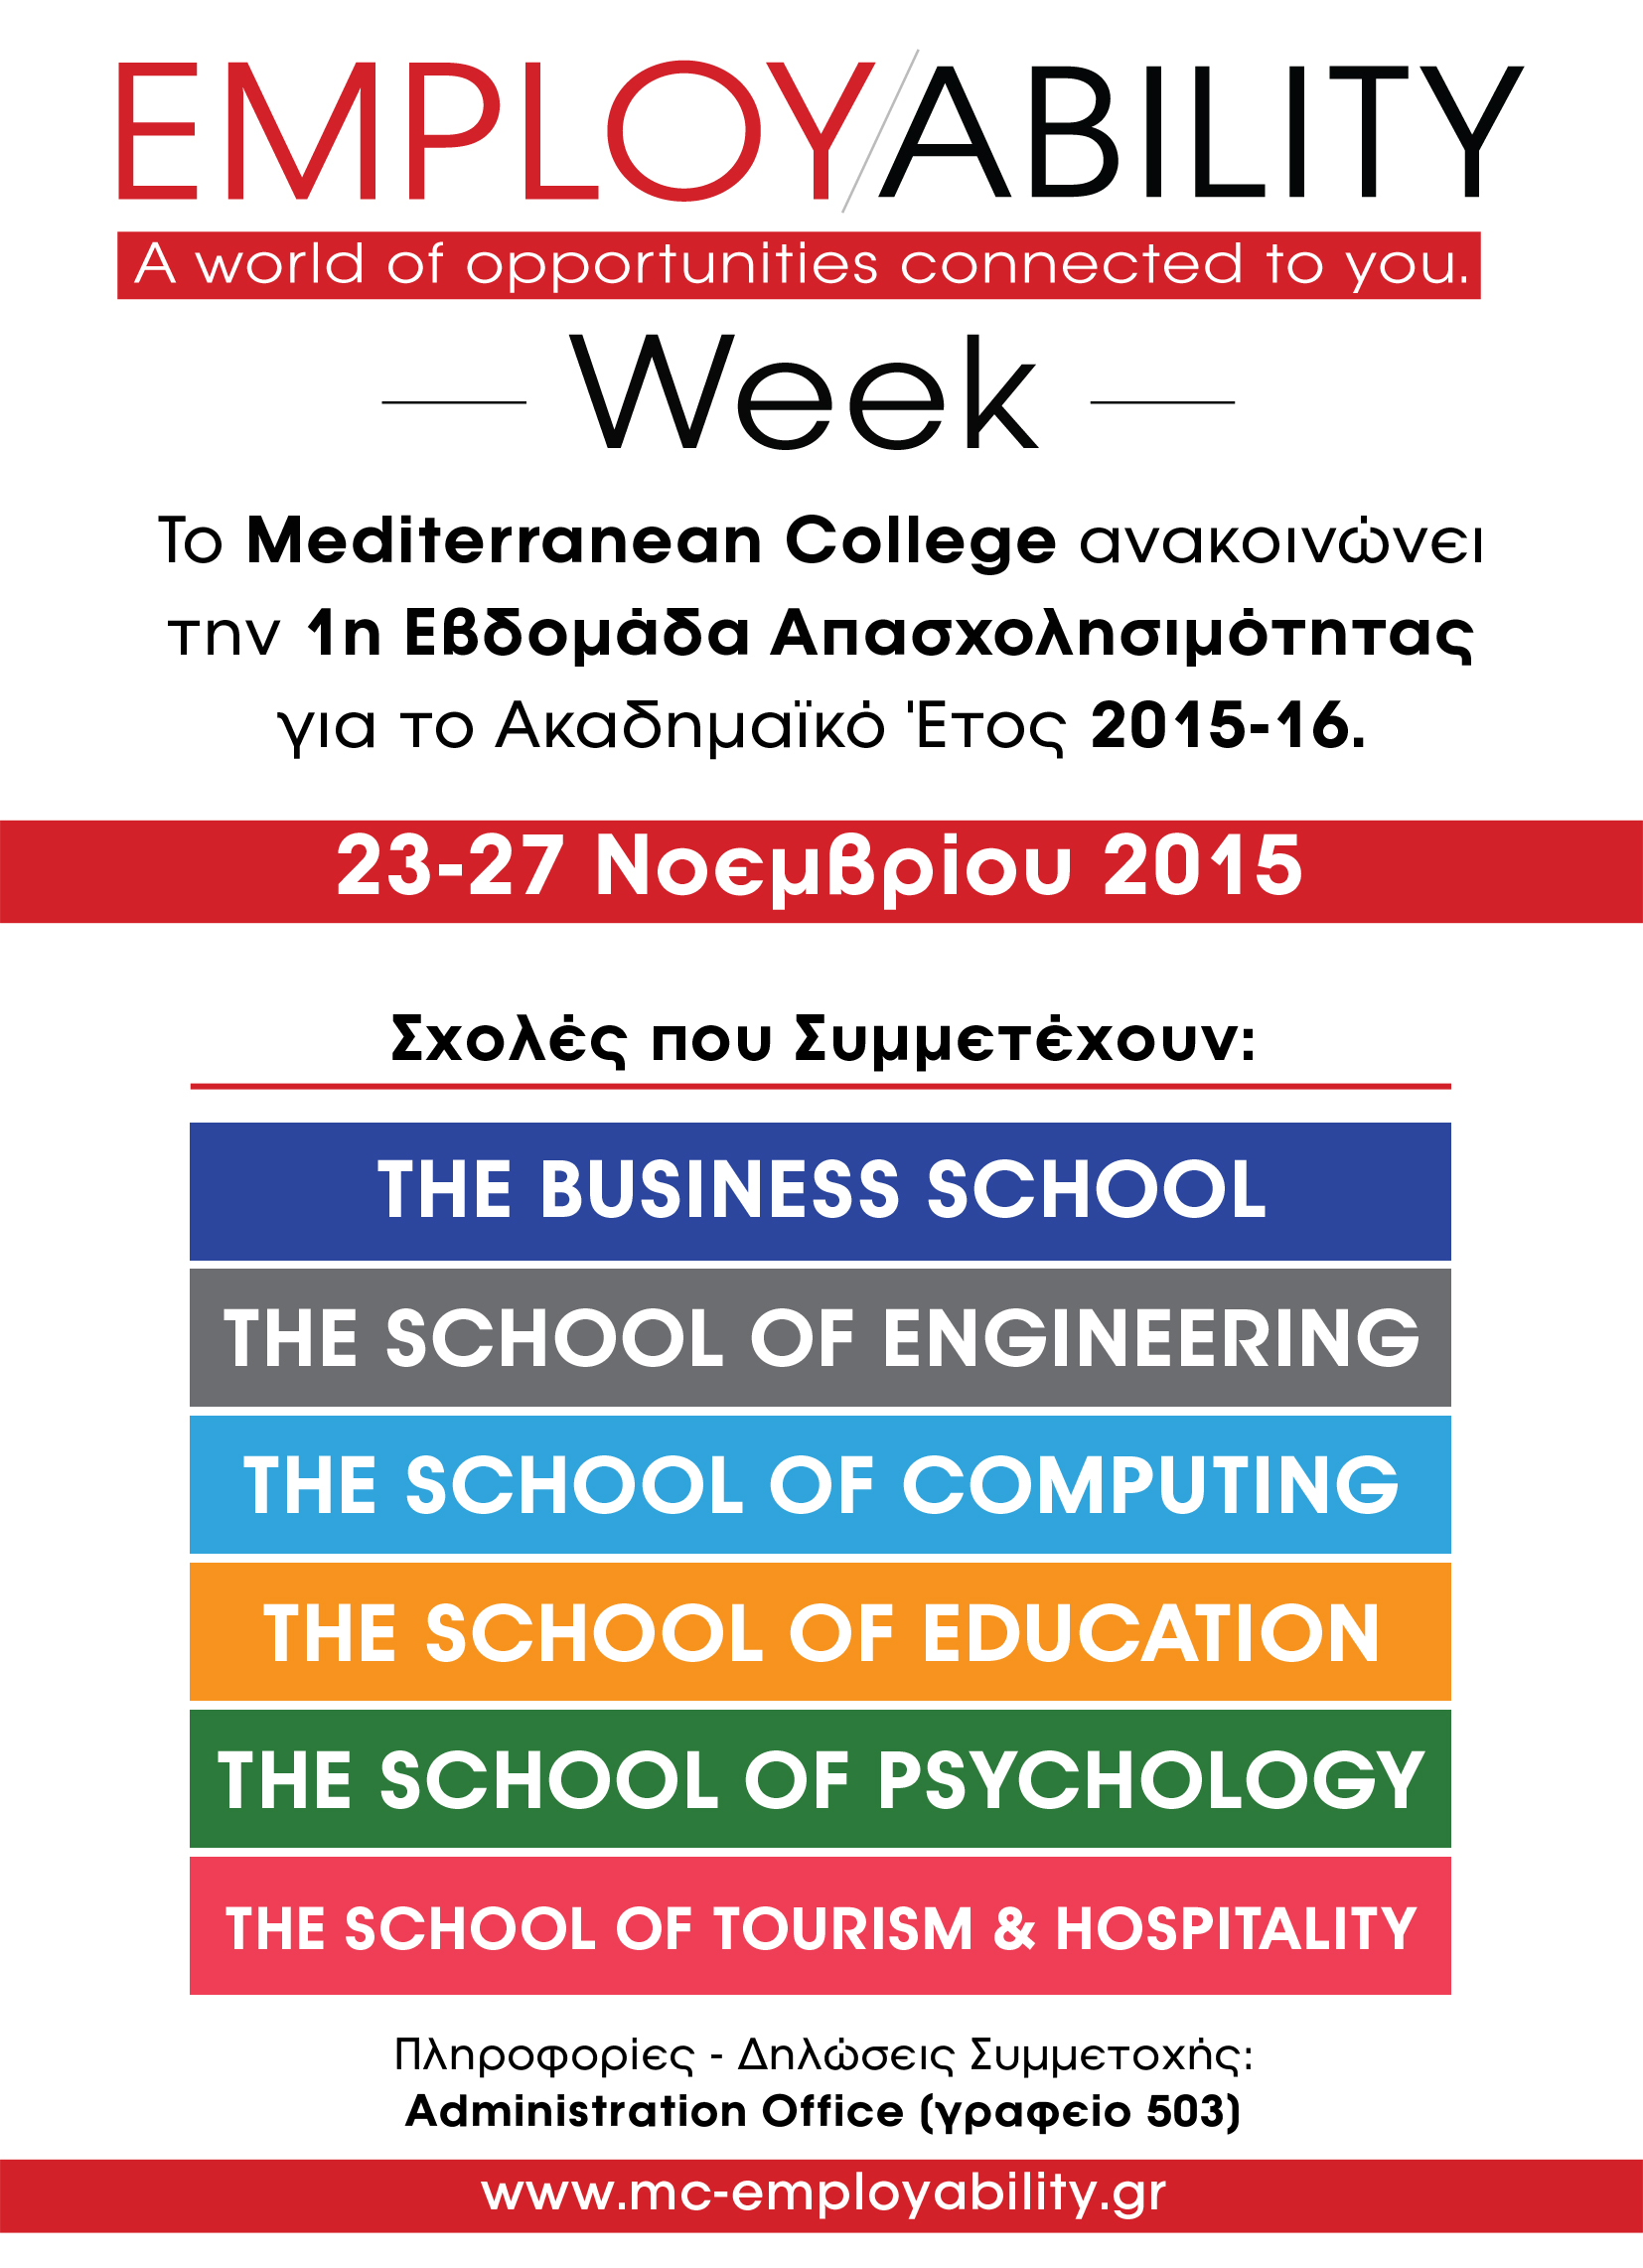 Mediterranean College 7ο Employability Week: 23-27 Νοεμβρίου 2015
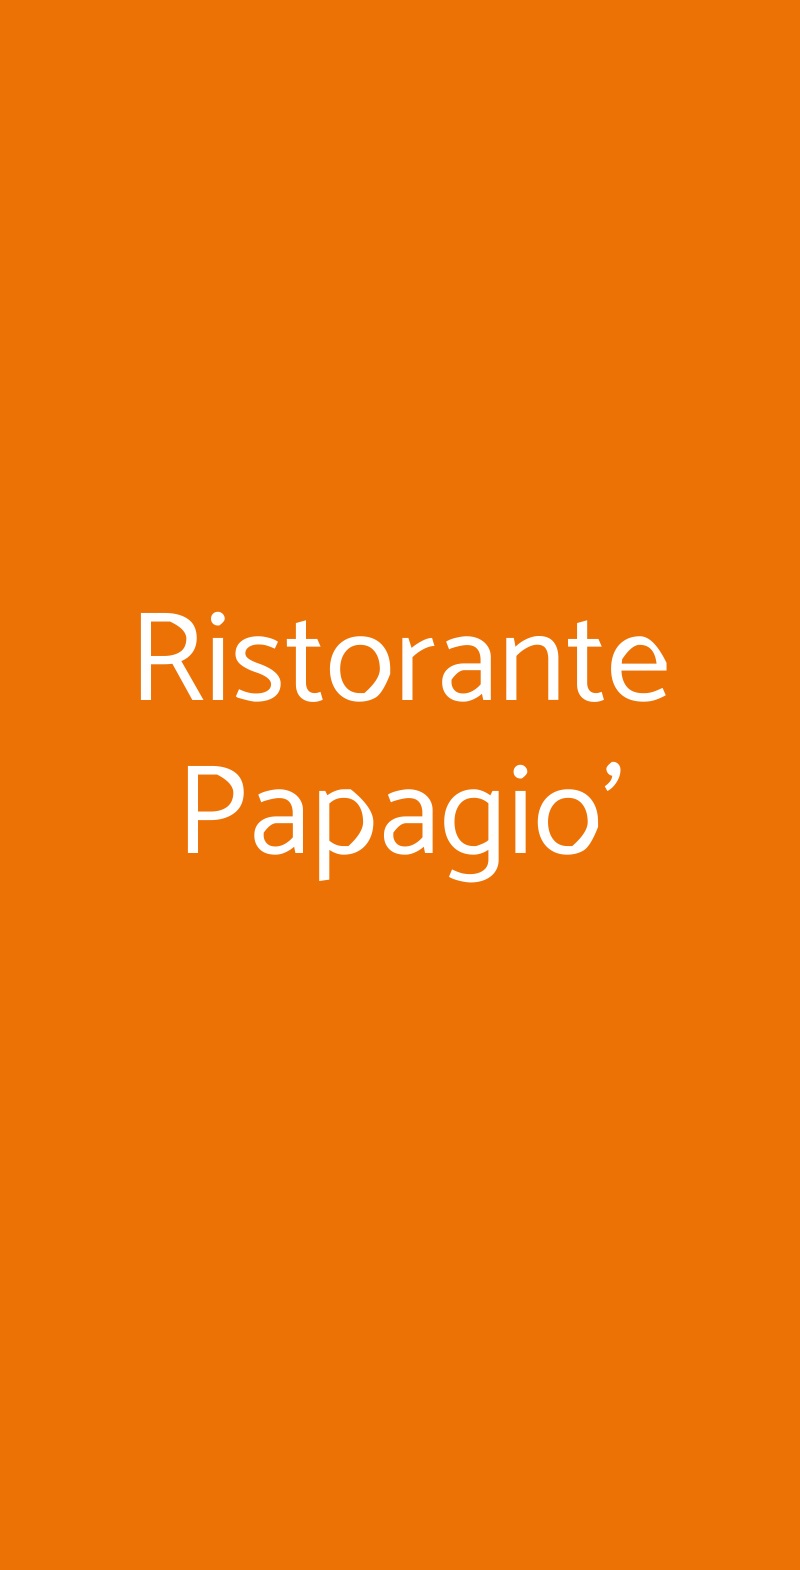 Ristorante Papagio' Roma menù 1 pagina
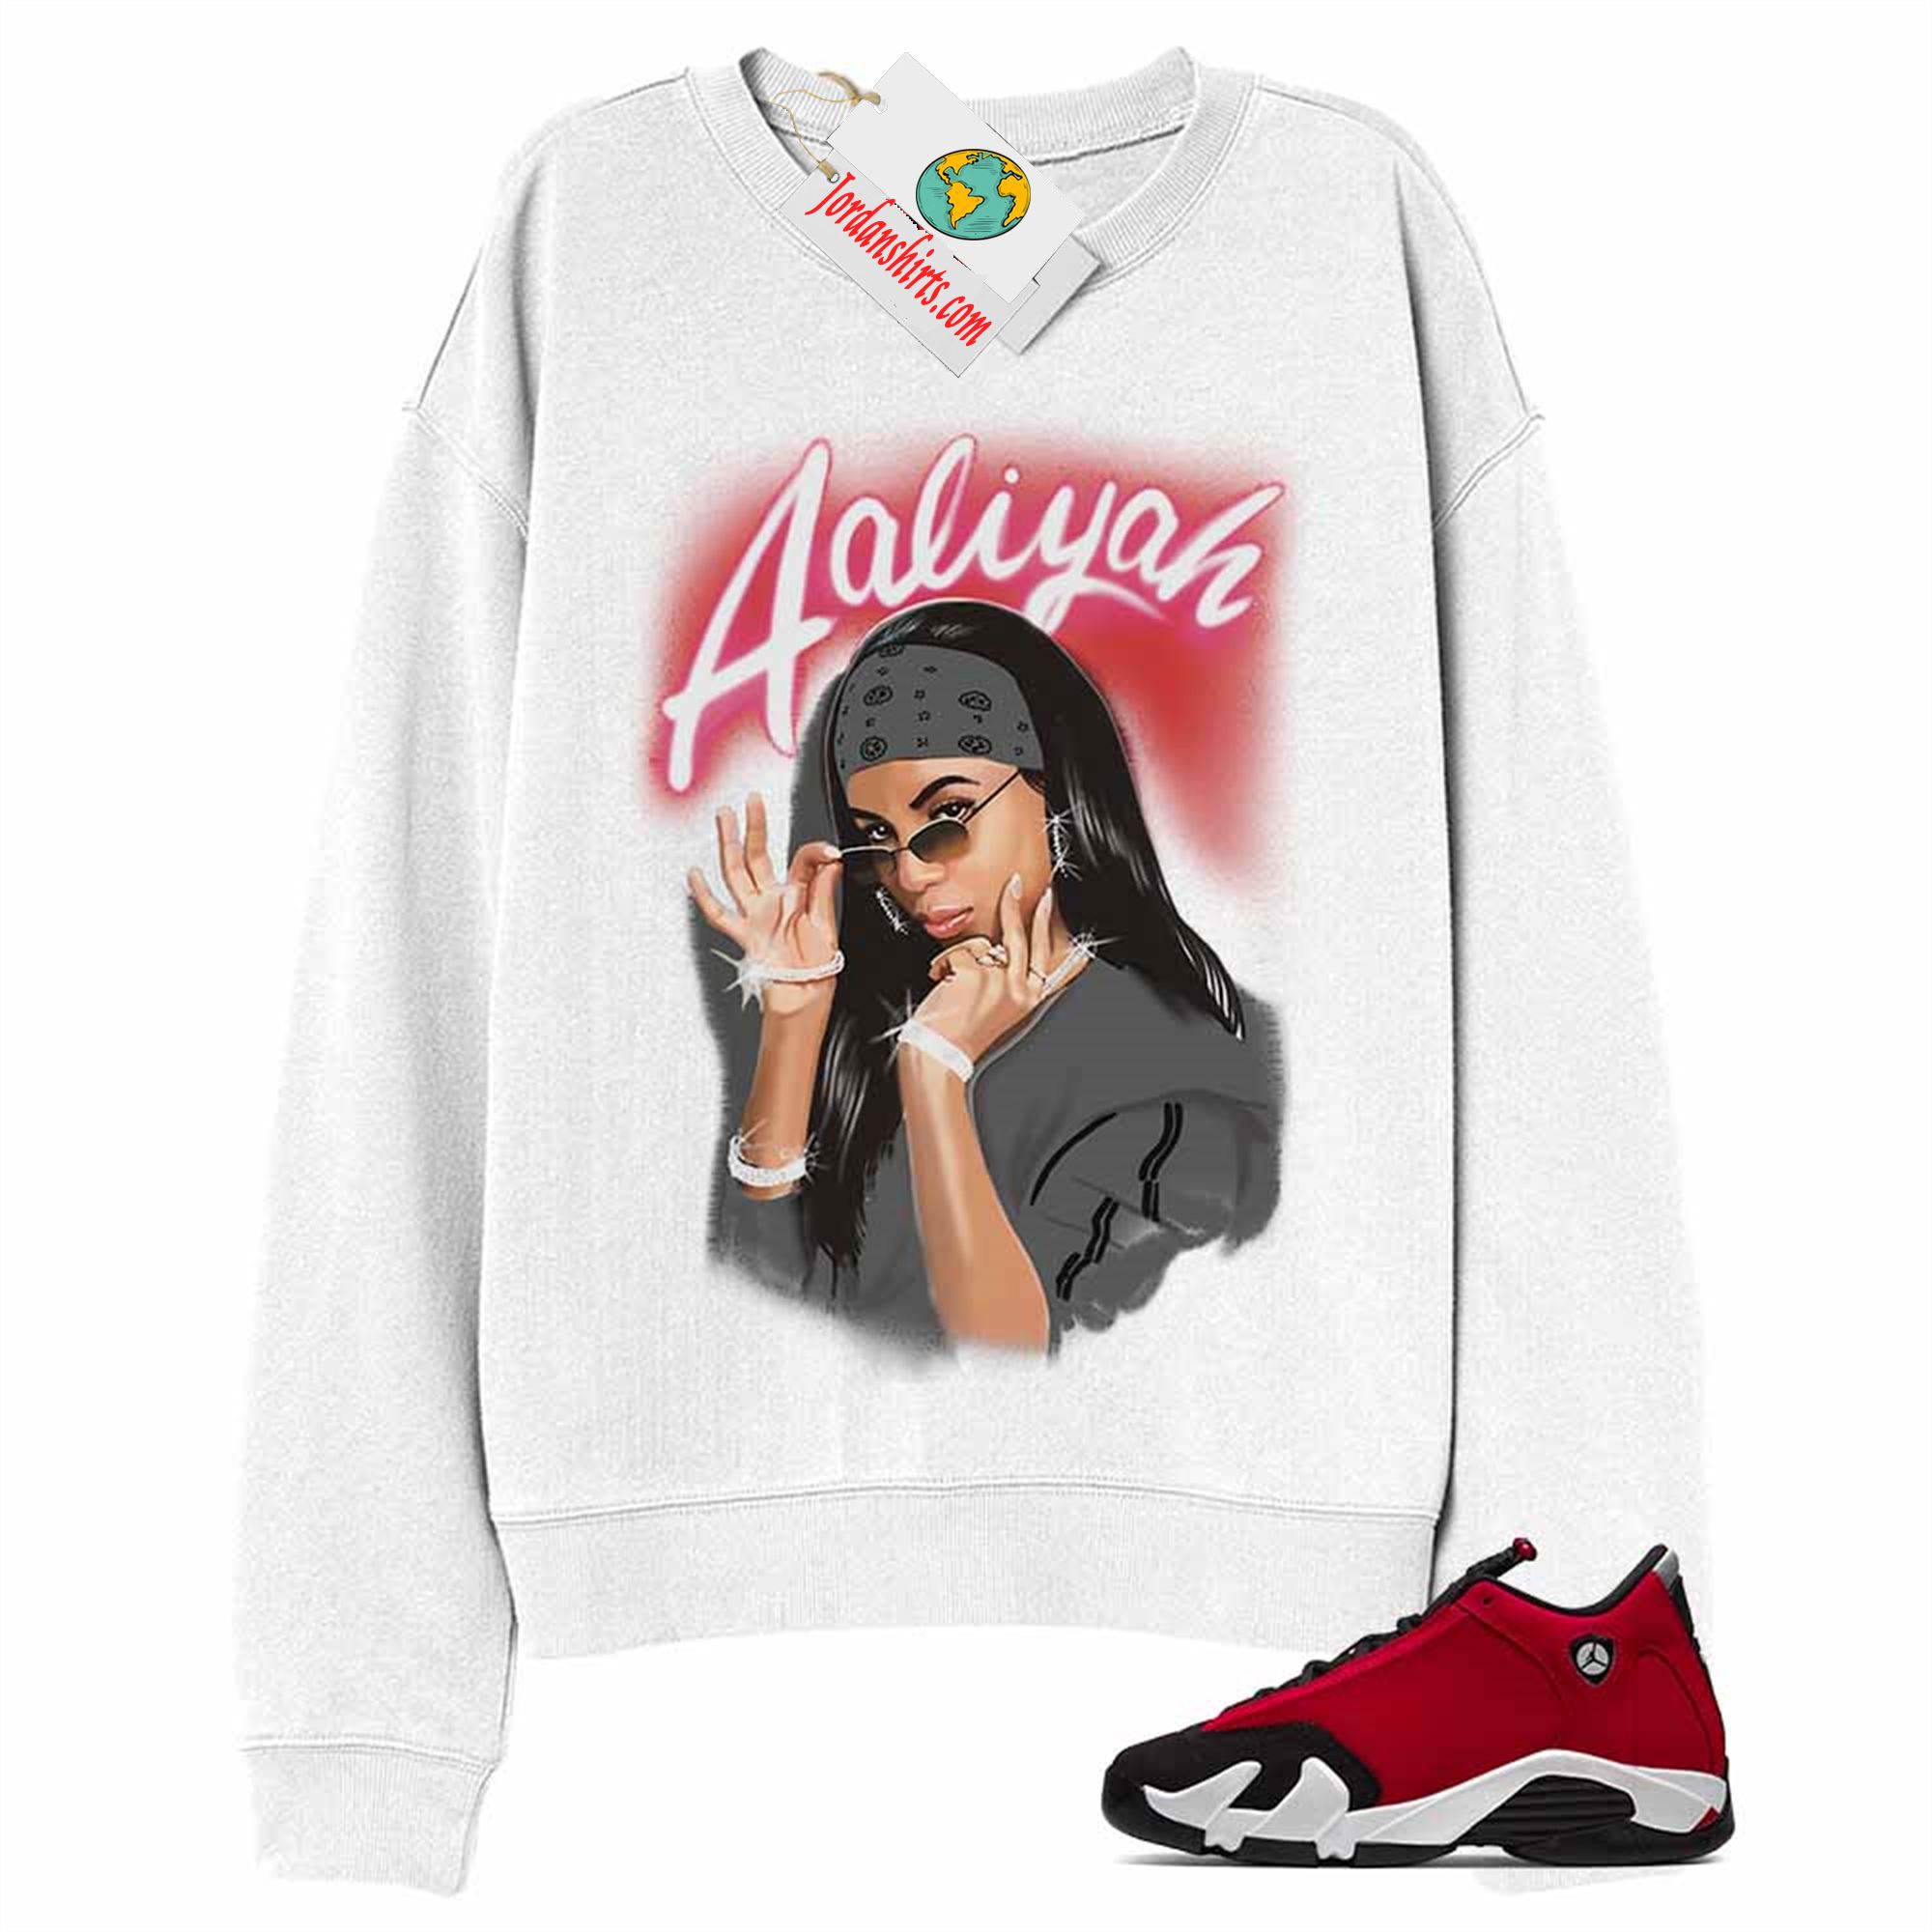 Jordan 14 Sweatshirt, Aaliyah Airbrush White Sweatshirt Air Jordan 14 Gym Red 14s Plus Size Up To 5xl
━━━━━━━━━━━━━━━━
• _REQUIREMENT_
A word-for-word repetition of the data above, without pictures, is the expected answer.

• _EXPECTED OUTPUT_
 Mediterranean College 7ο Employability Week: 23-27 Νοεμβρίου 2015
 Ristorante Papagio' Roma menù 1 pagina
 Jordan 14 Sweatshirt, Aaliyah Airbrush White Sweatshirt Air Jordan 14 Gym Red 14s Plus Size Up To 5xl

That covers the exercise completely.